* [EXERCISE INSTRUCTIONS] Repeat, word for word and with nothing added, each line from the one containing "Cours privés ski de fond" to the final line of the data, keeping both ends. Pictures are not part of the copy.

Data items
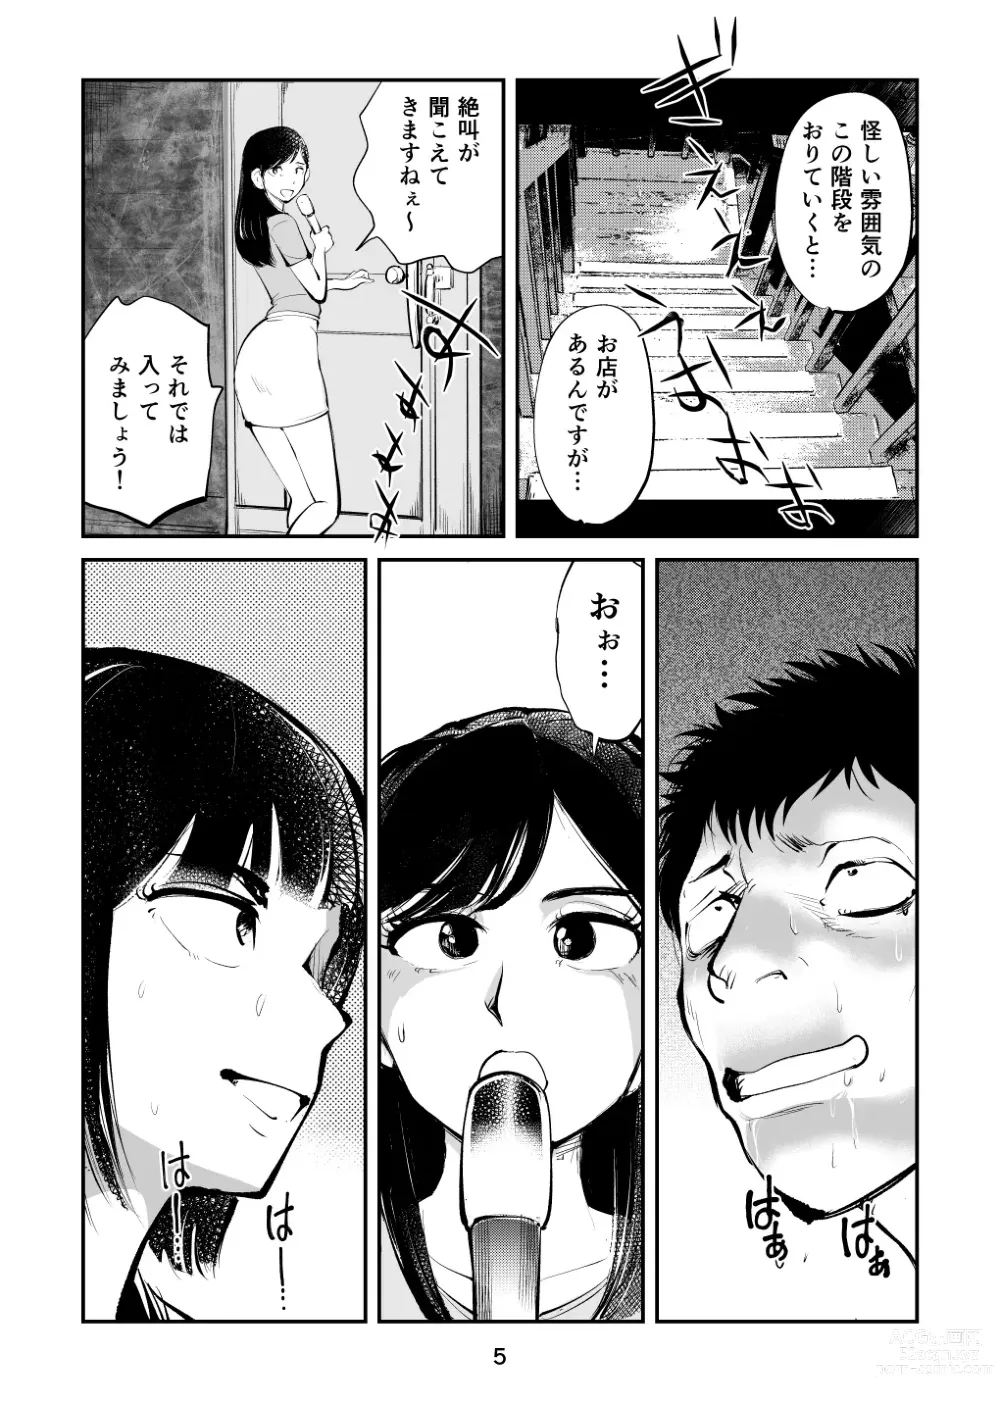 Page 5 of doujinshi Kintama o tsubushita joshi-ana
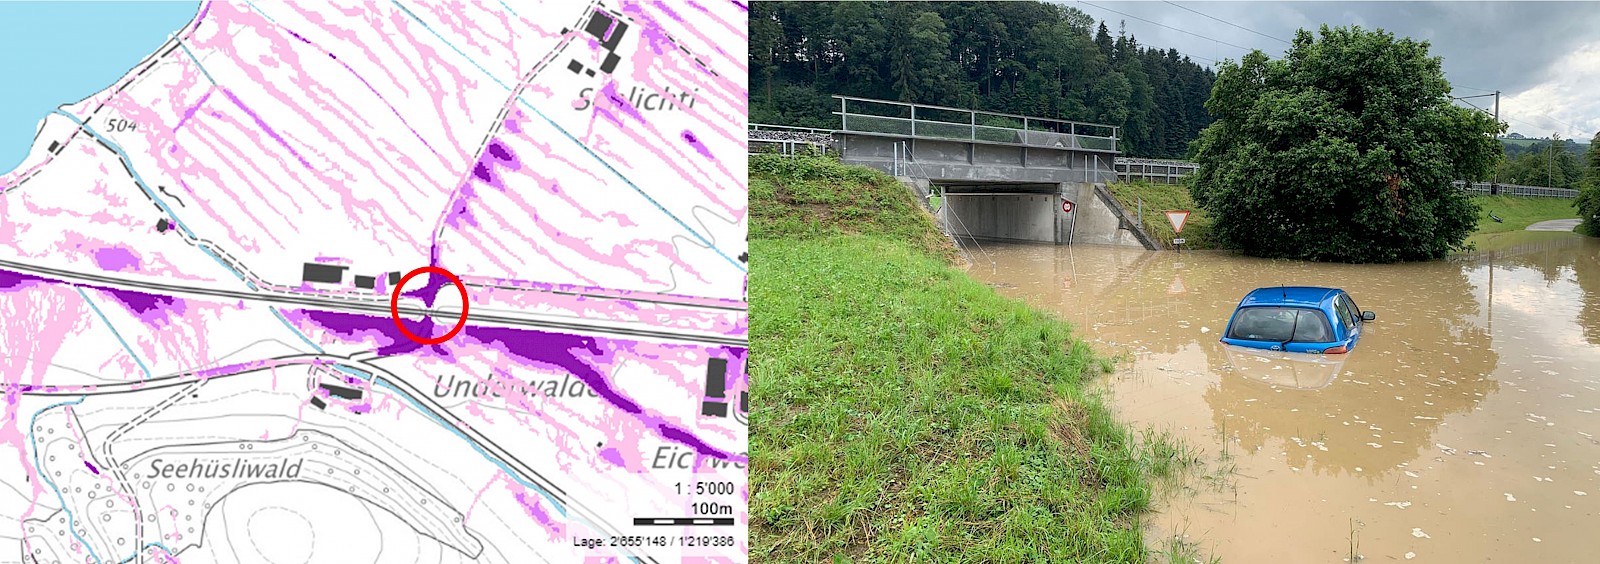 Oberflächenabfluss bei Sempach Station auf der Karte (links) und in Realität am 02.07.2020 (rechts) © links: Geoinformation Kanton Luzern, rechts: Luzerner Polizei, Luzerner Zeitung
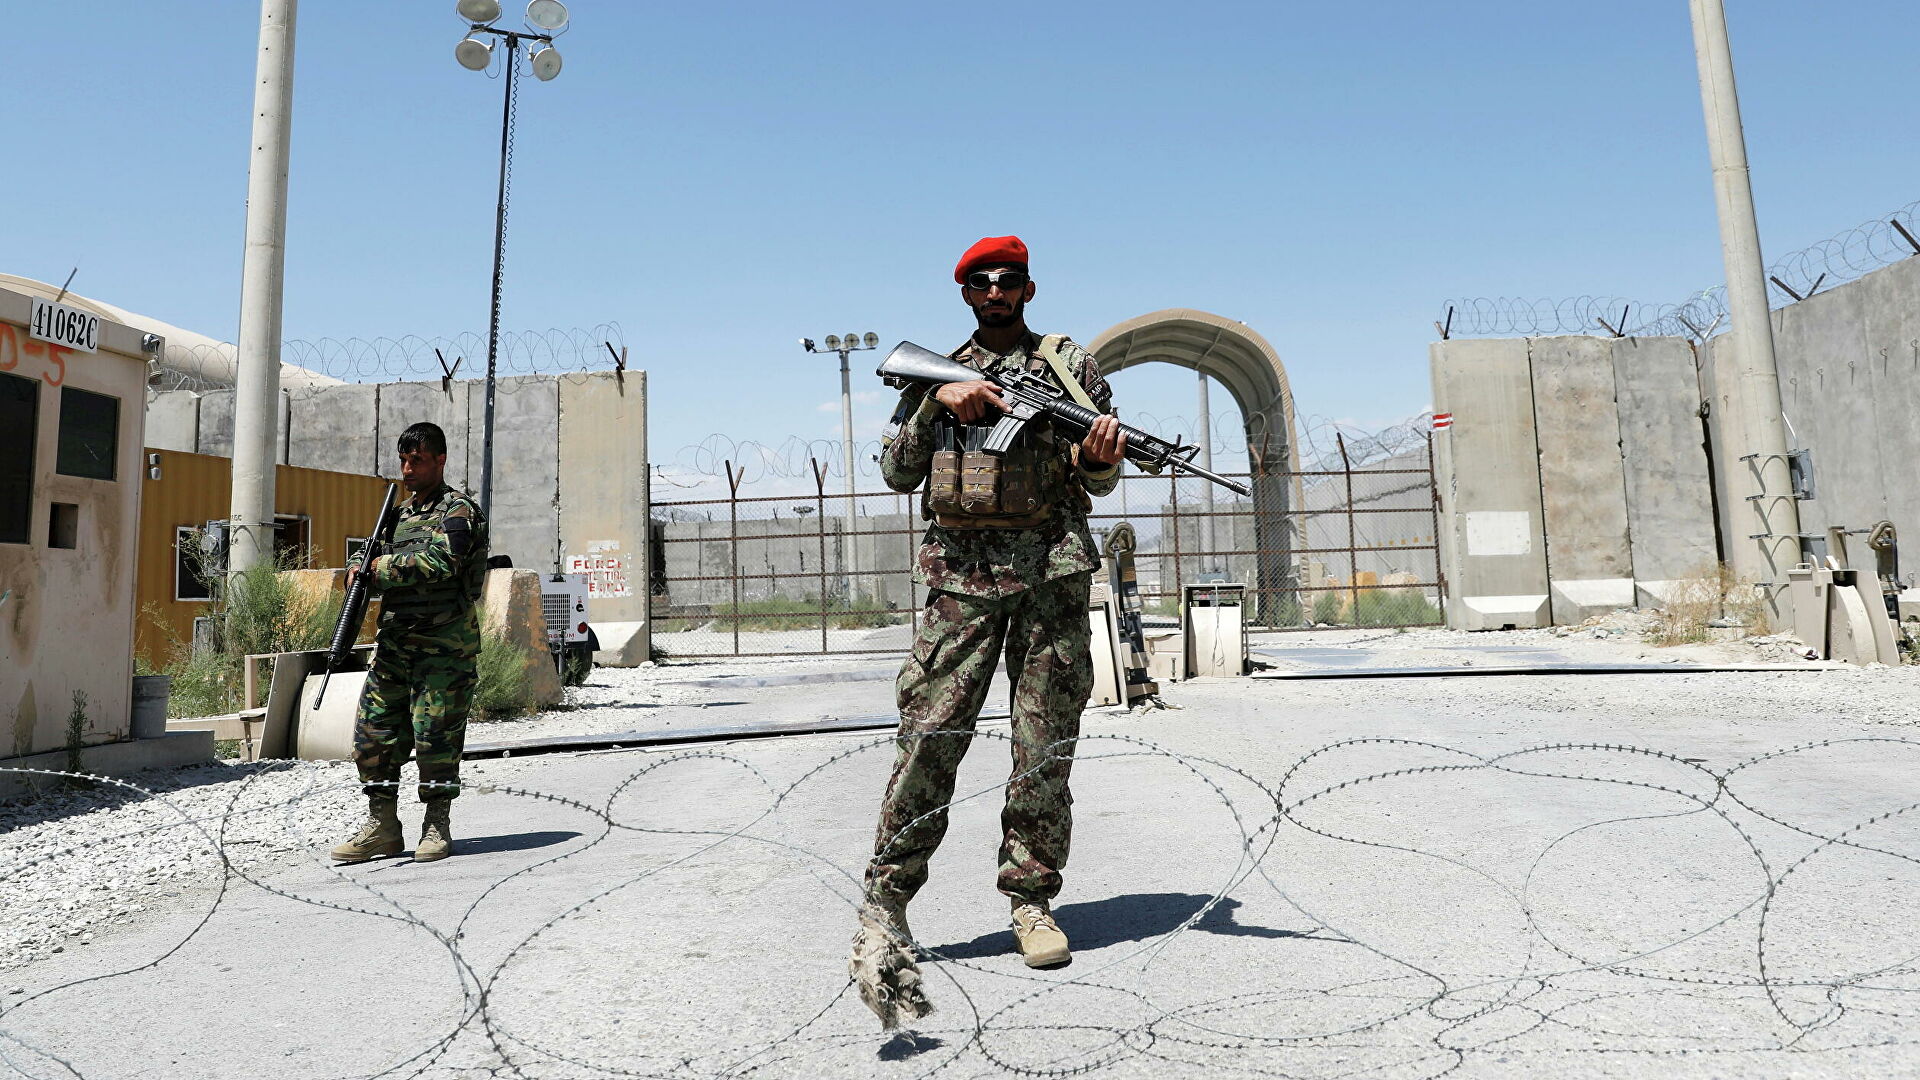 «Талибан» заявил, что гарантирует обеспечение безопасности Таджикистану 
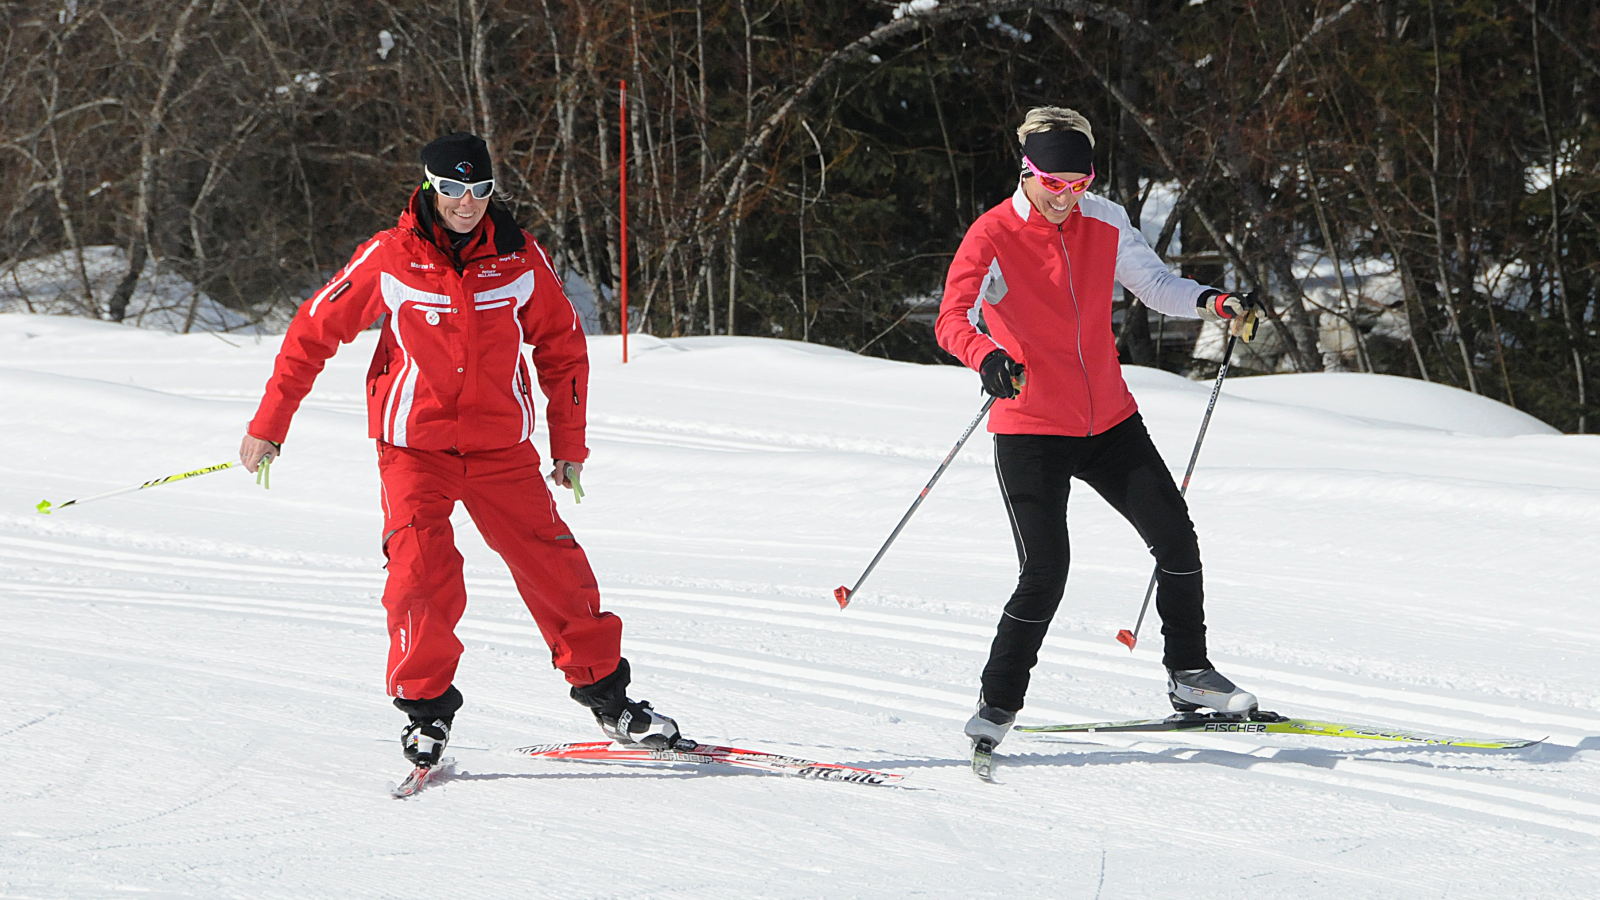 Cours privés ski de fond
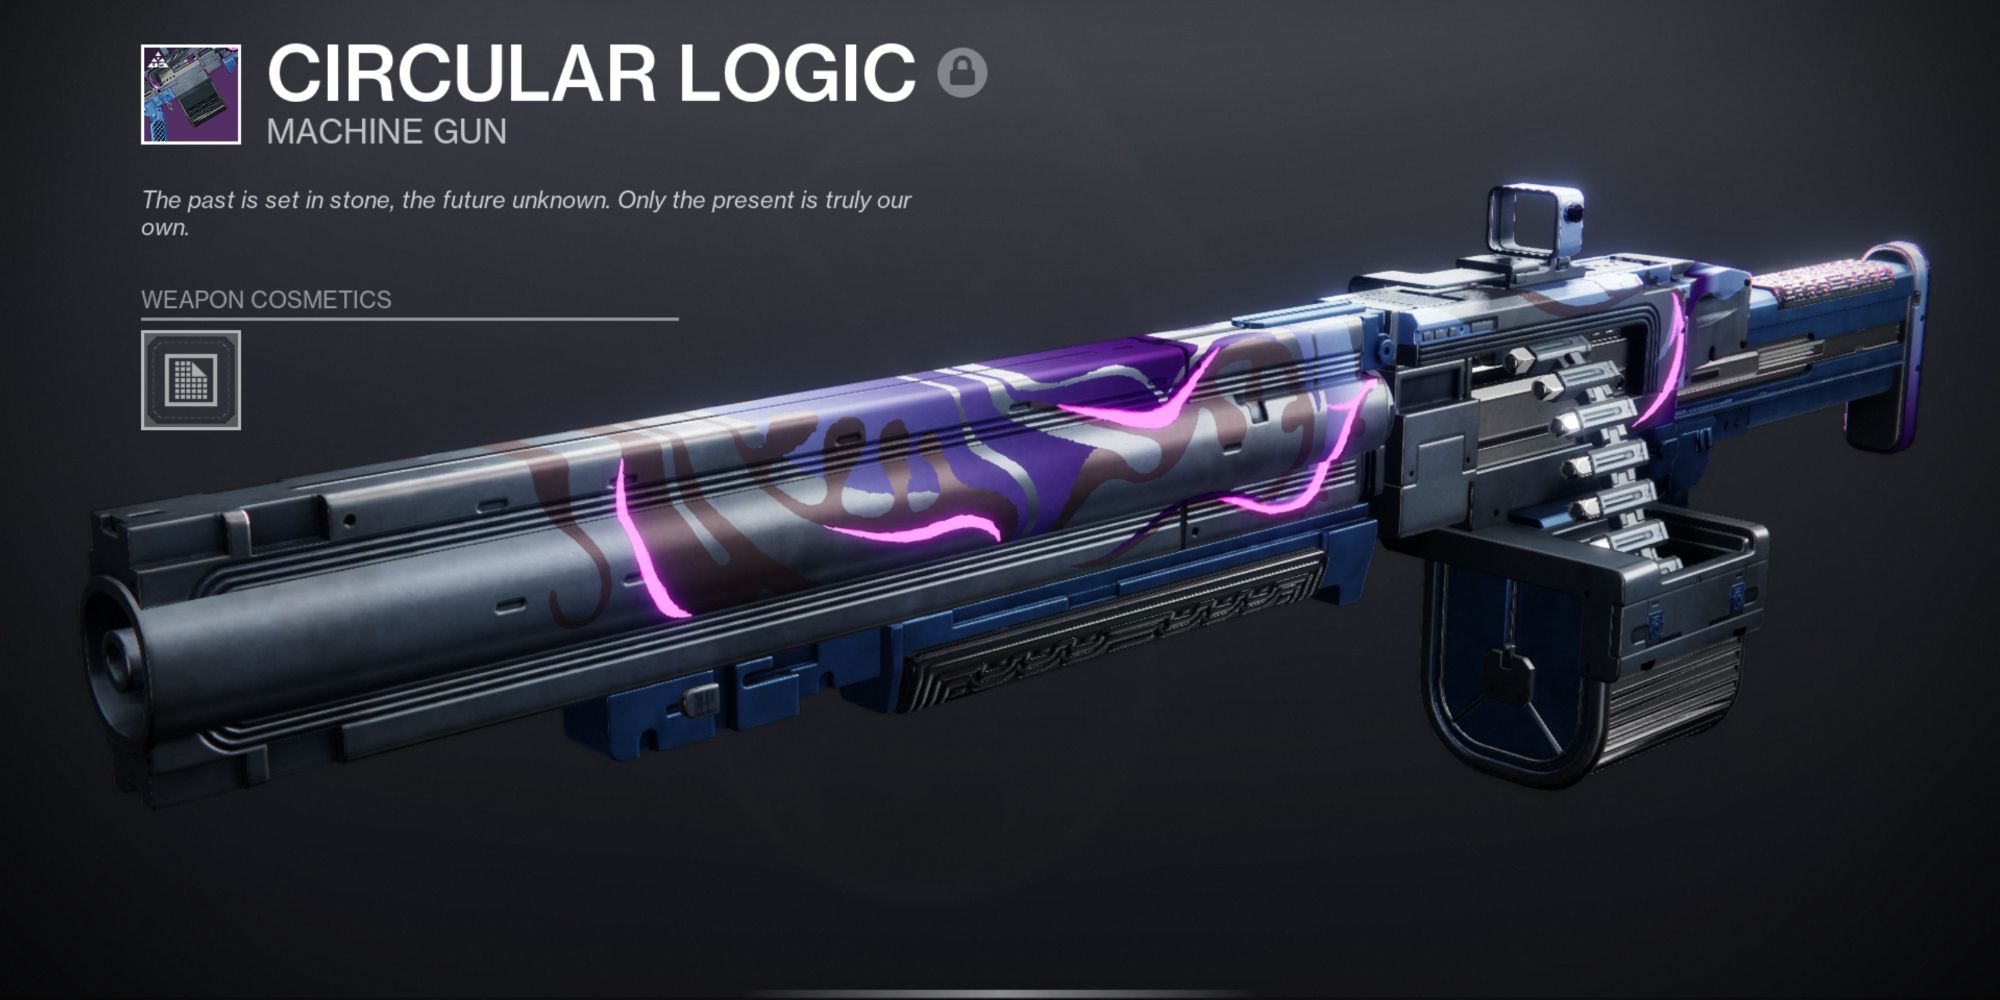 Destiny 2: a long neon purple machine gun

* [OUTPUT]
 Cours privés ski de fond
 Destiny 2: a long neon purple machine gun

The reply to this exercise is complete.